Discovering Word Segmentation Custom Thesaurus

Source: Internet
Author: User

Collection for later use:

Transferred from: http://blog.csdn.net/askpp/archive/2009/09/08/4532355.aspx

custom loading of Cook looked through participle paoding dictionary

Everyone downloaded the cook looked through Chinese word after the words and after the MyEclipse configuration, and in the environment variables in the wingdows with the dic dictionary path, thinking how to load a custom dictionary, haha, actually very simple, I suddenly see, You go to the DiC folder to find paoding-dic-names.properties This file, open the content with a text editor like this

#dictionary character encoding
#paoding. Dic.charset=utf-8

#dictionaries which is skip
#paoding. dic.skip.prefix=x-

#chinese/CJK charactors that would not token
#paoding. Dic.noise-charactor=x-noise-charactor

#chinese/CJK words that would not token
Paoding.dic.noise-word=x-noise-word

#unit words, like "ge", "zhi", ...
#paoding. Dic.unit=x-unit

#like "Wang", "Zhang", ...
#paoding. Dic.confucian-family-name=x-confucian-family-name

#linke "Upan", "Cdhe"
#paoding. Dic.for-combinatorics=x-for-combinatorics

You add your own thesaurus to this, or you can save the # in front of the existing thesaurus, and then run the program to automatically detect it,

By the way, a few words in the library function, the front with X-word library is to block sensitive words with, ha ha, you will not want to put the word into the file inside it, haha, really happy.

Transferred from: http://hi.baidu.com/xwx520/blog/item/c288ee3eb0f5b9f0838b137f.html

Custom thesaurus for discovering participles [custom dictionaries]

Found a long time has not been updated, especially this module, it has not progressed long. Study like riding, behind.
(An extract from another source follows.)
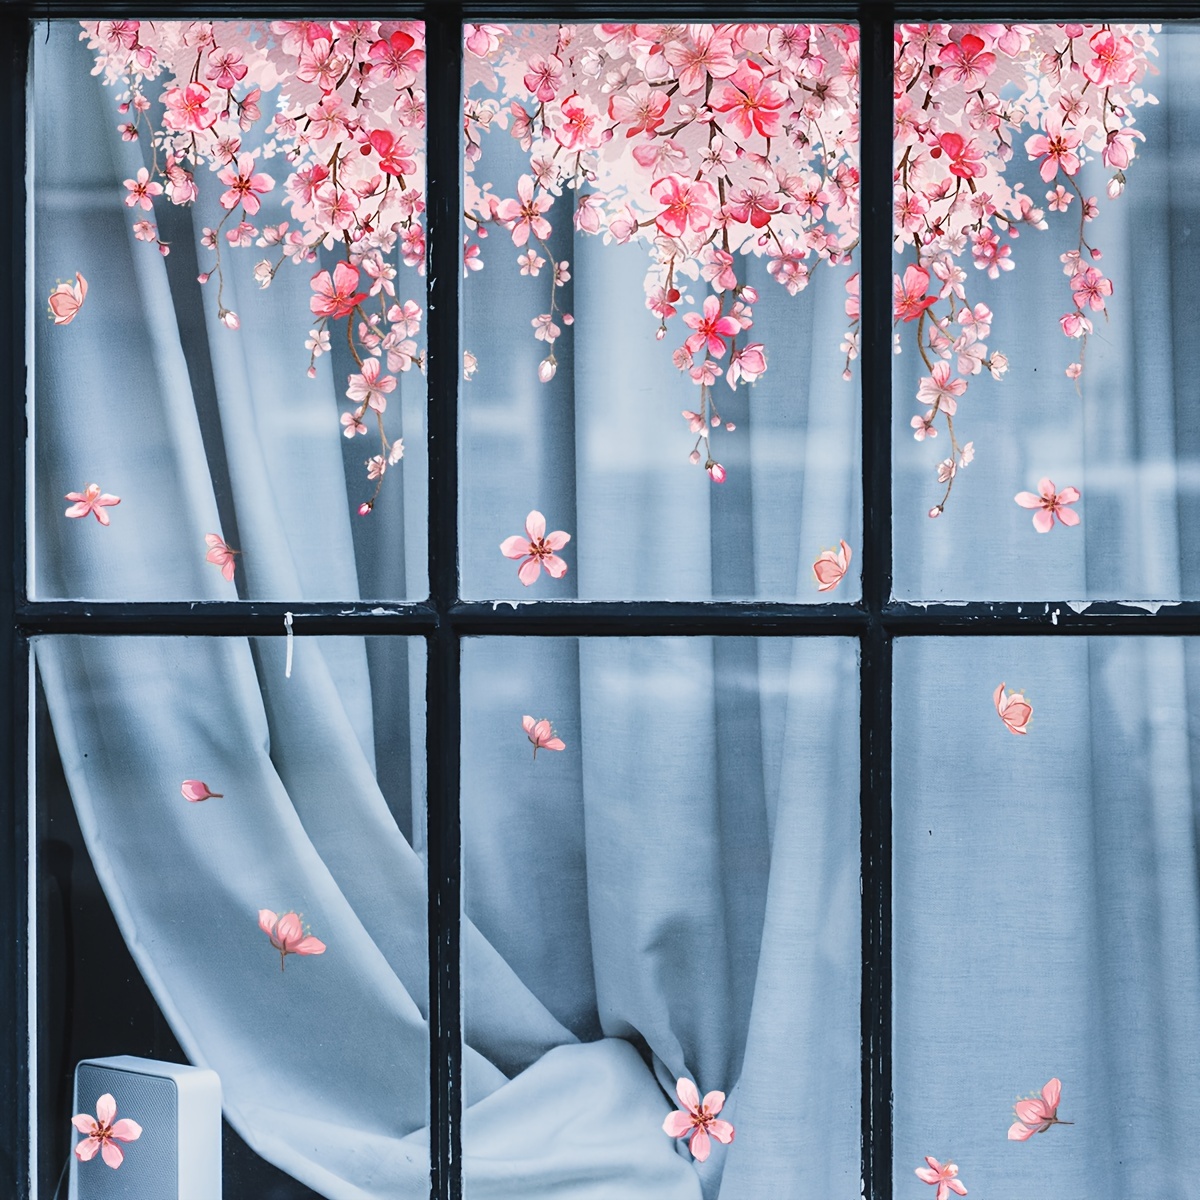 

1pc Cherry Blossom Window Clings, Pink Floral Static Decal, Double-sided Print, Home Wall Sticker, Transparent Plastic, Decorative Glass Door Film For Home Decor

You should learn more when you are not in the same time.
First of all, it is first to post out the reference source, after all, not original.
(1), http://blog.csdn.net/askpp/archive/2009/09/08/4532355.aspx
(2), http://qipei.javaeye.com/blog/365207
Now continue:
1, to http://code.google.com/p/paoding/downloads/list download paoding-analysis-2.0.4-alpha2.zip
2, then unzip, find the DiC folder, copy to the folder you want to store




3, configuration environment variables, if not configured, the operation will be error, error of the Chinese information is also required to configure environment variables


4. Delete the. compiled file

5. Create a new text file with the suffix name. DiC, which is saved in the E:/paodingtest/dic/locale file directory using Utf-8.


6, below we write a word breaker test program

7, custom Thesaurus in the case of the word segmentation results, the first thing to see is the word database compilation information


8. Word segmentation results with custom Thesaurus


















































9. Delete Custom thesaurus and. compiled files, re-participle


10, put together a comparison, the effect is still some

















































11, if we are in the participle, we need to move, moving separately, by default is not separate


12, add two words in the thesaurus


13, of course, if you want to use this word breaker better, but also need to understand and think deeply about the word breaker, for example, "I am an athlete", although we have added the word "athlete" in the custom thesaurus, But still did not cut into "I", "yes", "athlete", but there is a irrelevant "mobilization" the word. While the "movement" should be divided into "transport", "move", "movement", that is also need to think about the use of, of course, it is also related to the particularity of Chinese language, for example: "Table tennis Auction is over", in the absence of context itself is ambiguous.

Contact Us

The content source of this page is from Internet, which doesn't represent Alibaba Cloud's opinion; products and services mentioned on that page don't have any relationship with Alibaba Cloud. If the content of the page makes you feel confusing, please write us an email, we will handle the problem within 5 days after receiving your email.

If you find any instances of plagiarism from the community, please send an email to: info-contact@alibabacloud.com and provide relevant evidence. A staff member will contact you within 5 working days.

A Free Trial That Lets You Build Big!

Start building with 50+ products and up to 12 months usage for Elastic Compute Service

  • Sales Support

    1 on 1 presale consultation

  • After-Sales Support

    24/7 Technical Support 6 Free Tickets per Quarter Faster Response

  • Alibaba Cloud offers highly flexible support services tailored to meet your exact needs.